### TASK
Extract each line of the material that follows exactly and omit its pictures.

***** DATA BELOW

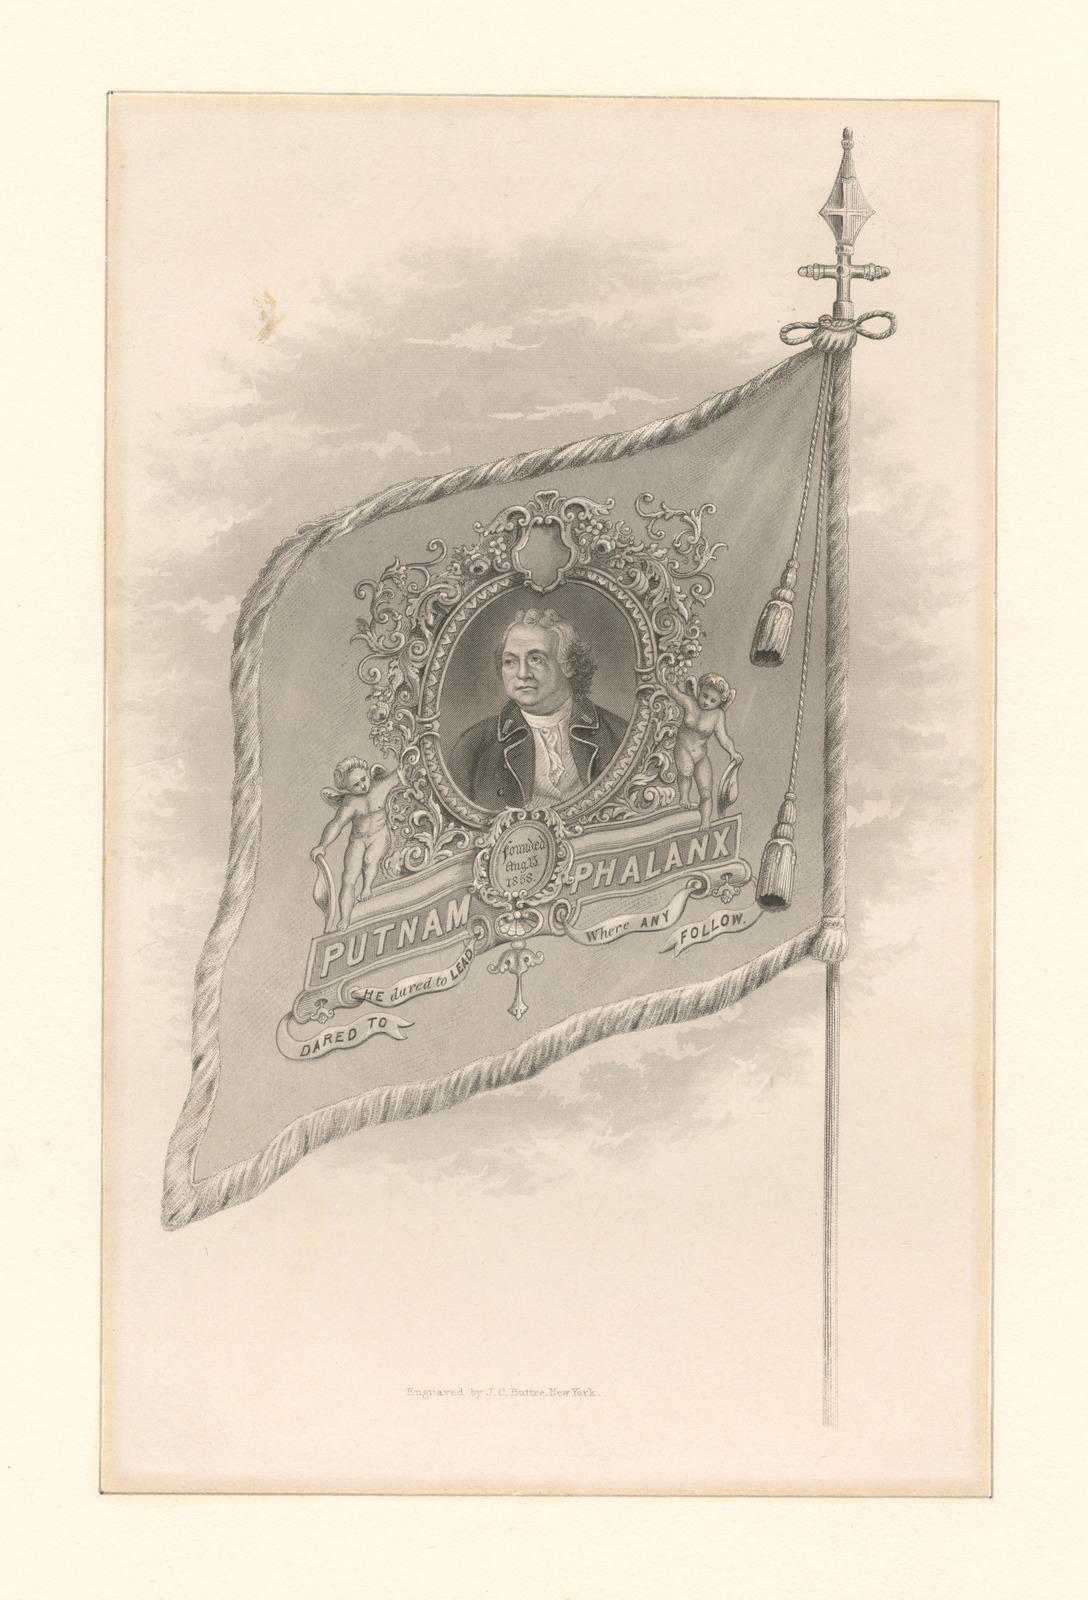 [Flag of Putnam Phalanx]
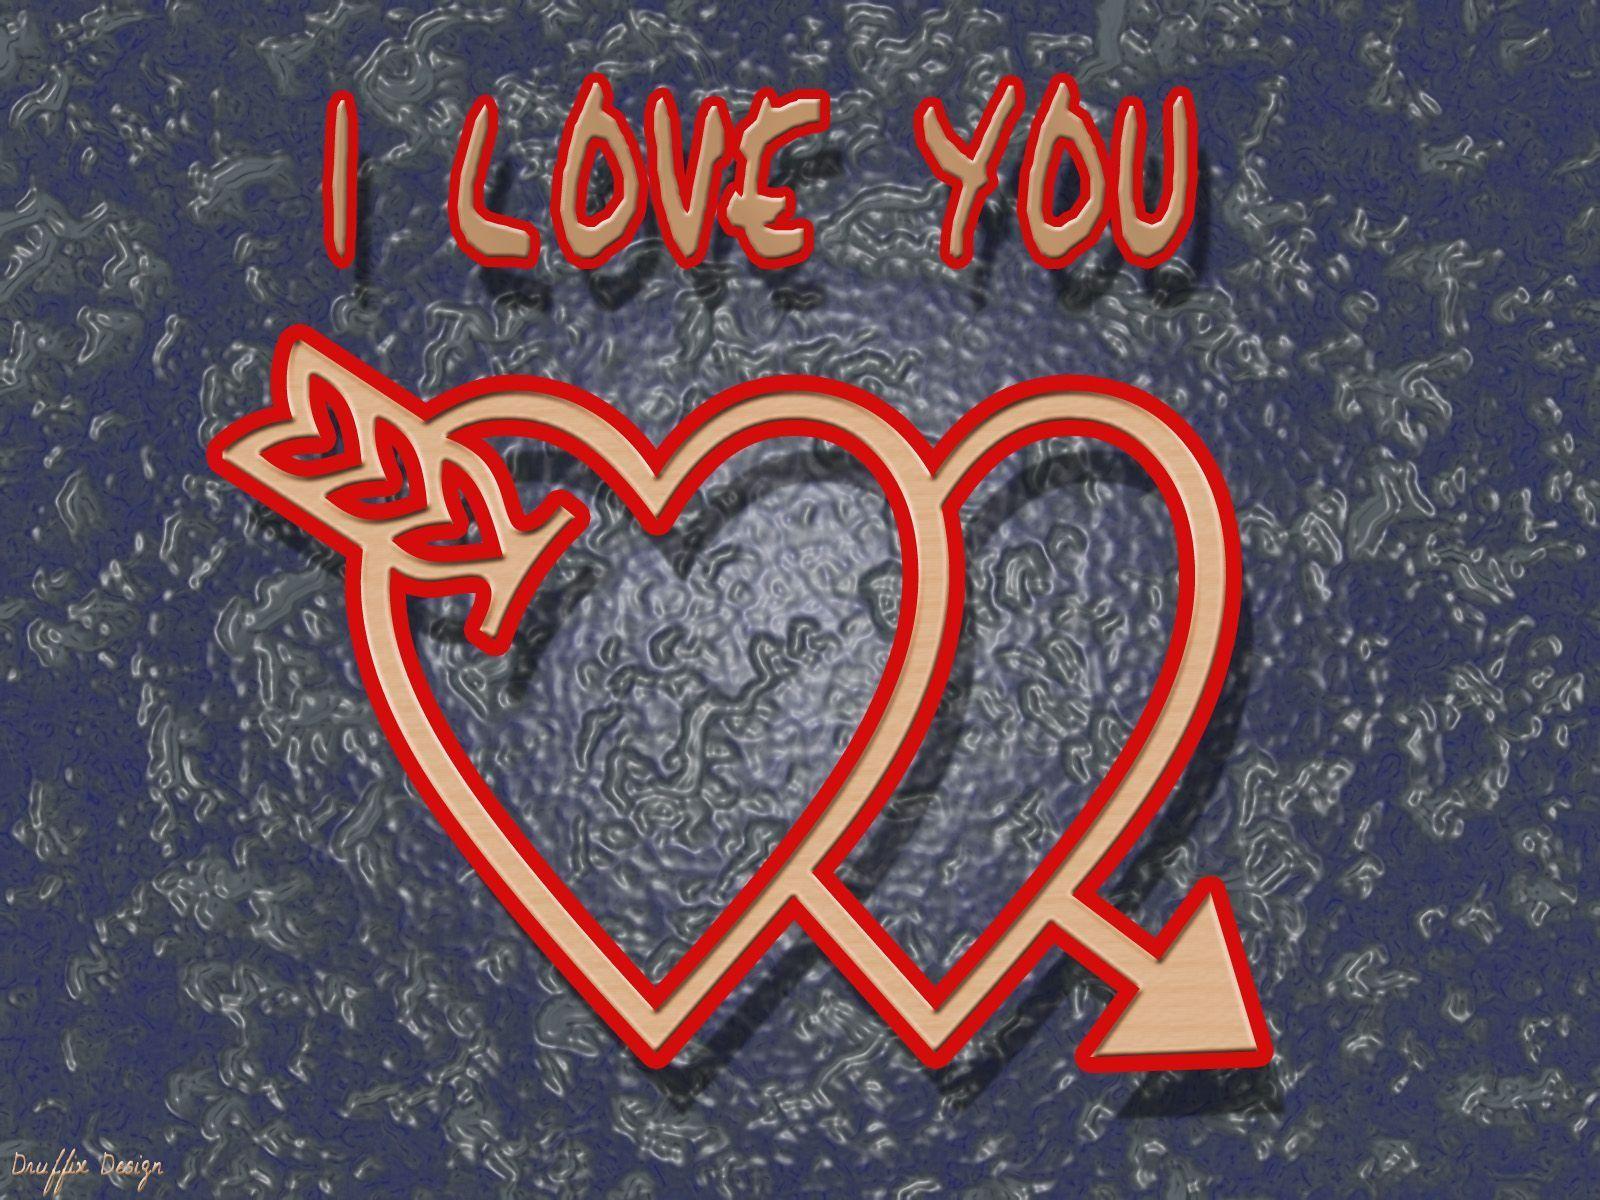 بالصور صور كلمة بحبك , خلفيه رومانسيه و حب 6143 8
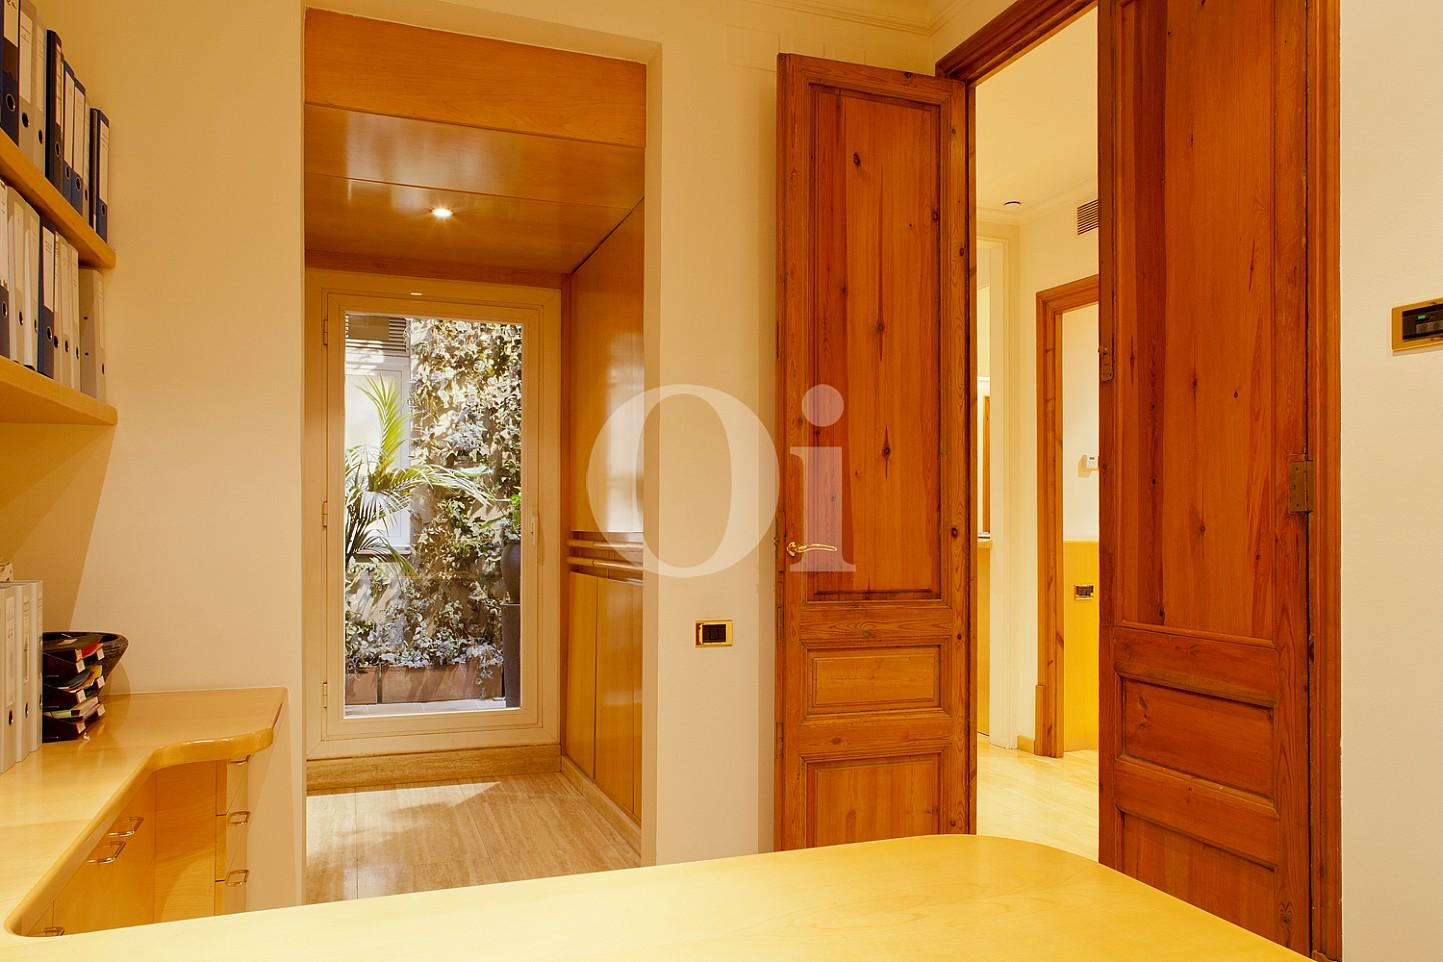 Теплый интерьер недвижимости на продажу в Eixample
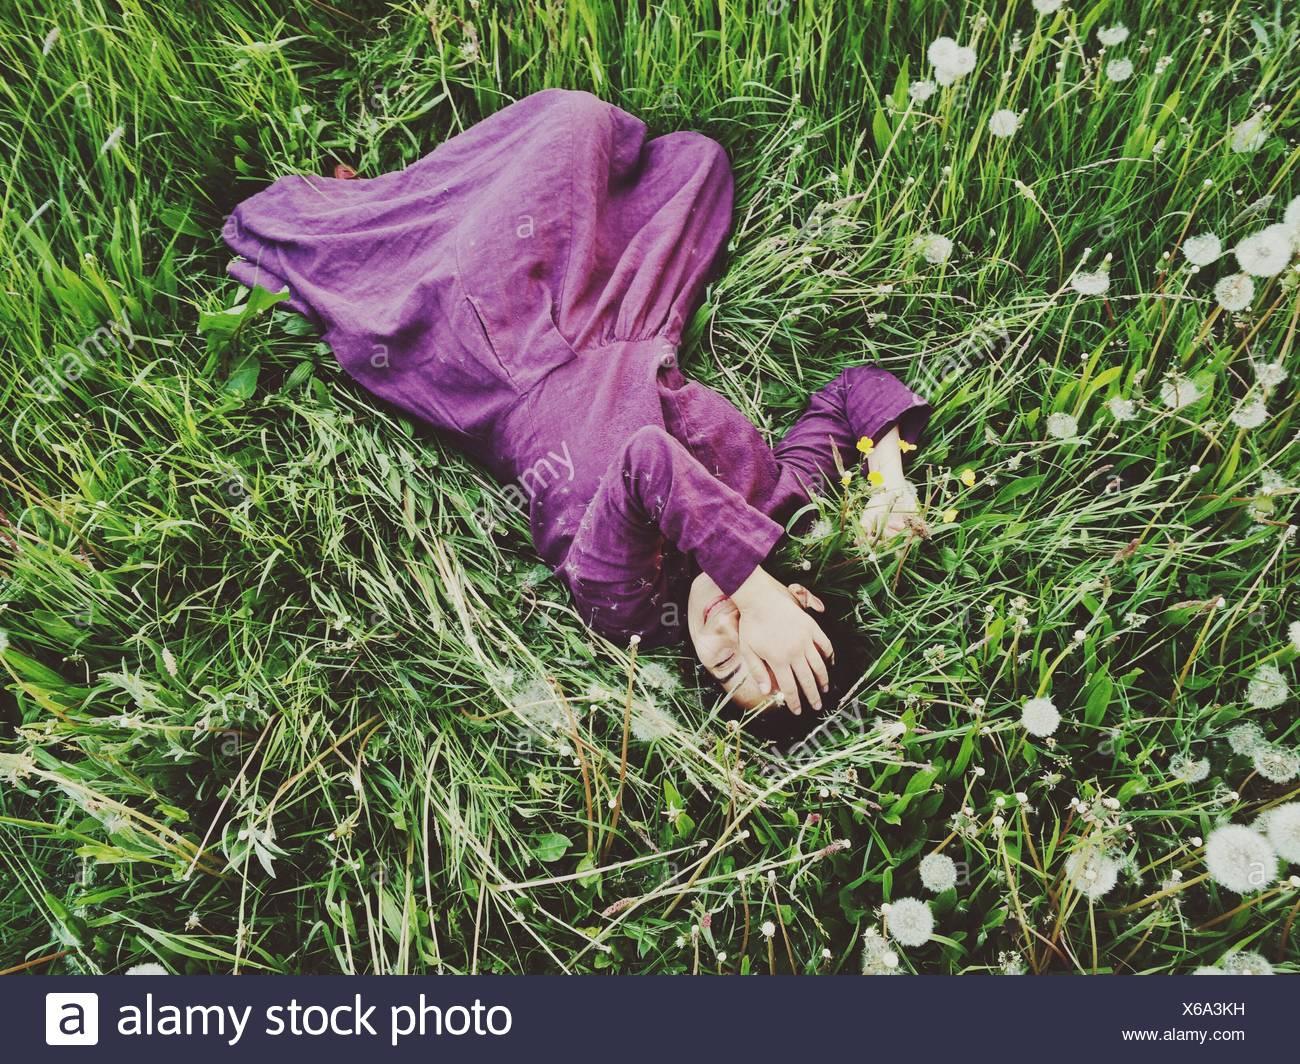 Vista in elevazione di una donna sdraiata in erba con la mano che copre il volto Immagini Stock

**********

### EXERCISE RESPONSE
 [Flag of Putnam Phalanx]
 بالصور صور كلمة بحبك , خلفيه رومانسيه و حب 6143 8
 Теплый интерьер недвижимости на продажу в Eixample
 Vista in elevazione di una donna sdraiata in erba con la mano che copre il volto Immagini Stock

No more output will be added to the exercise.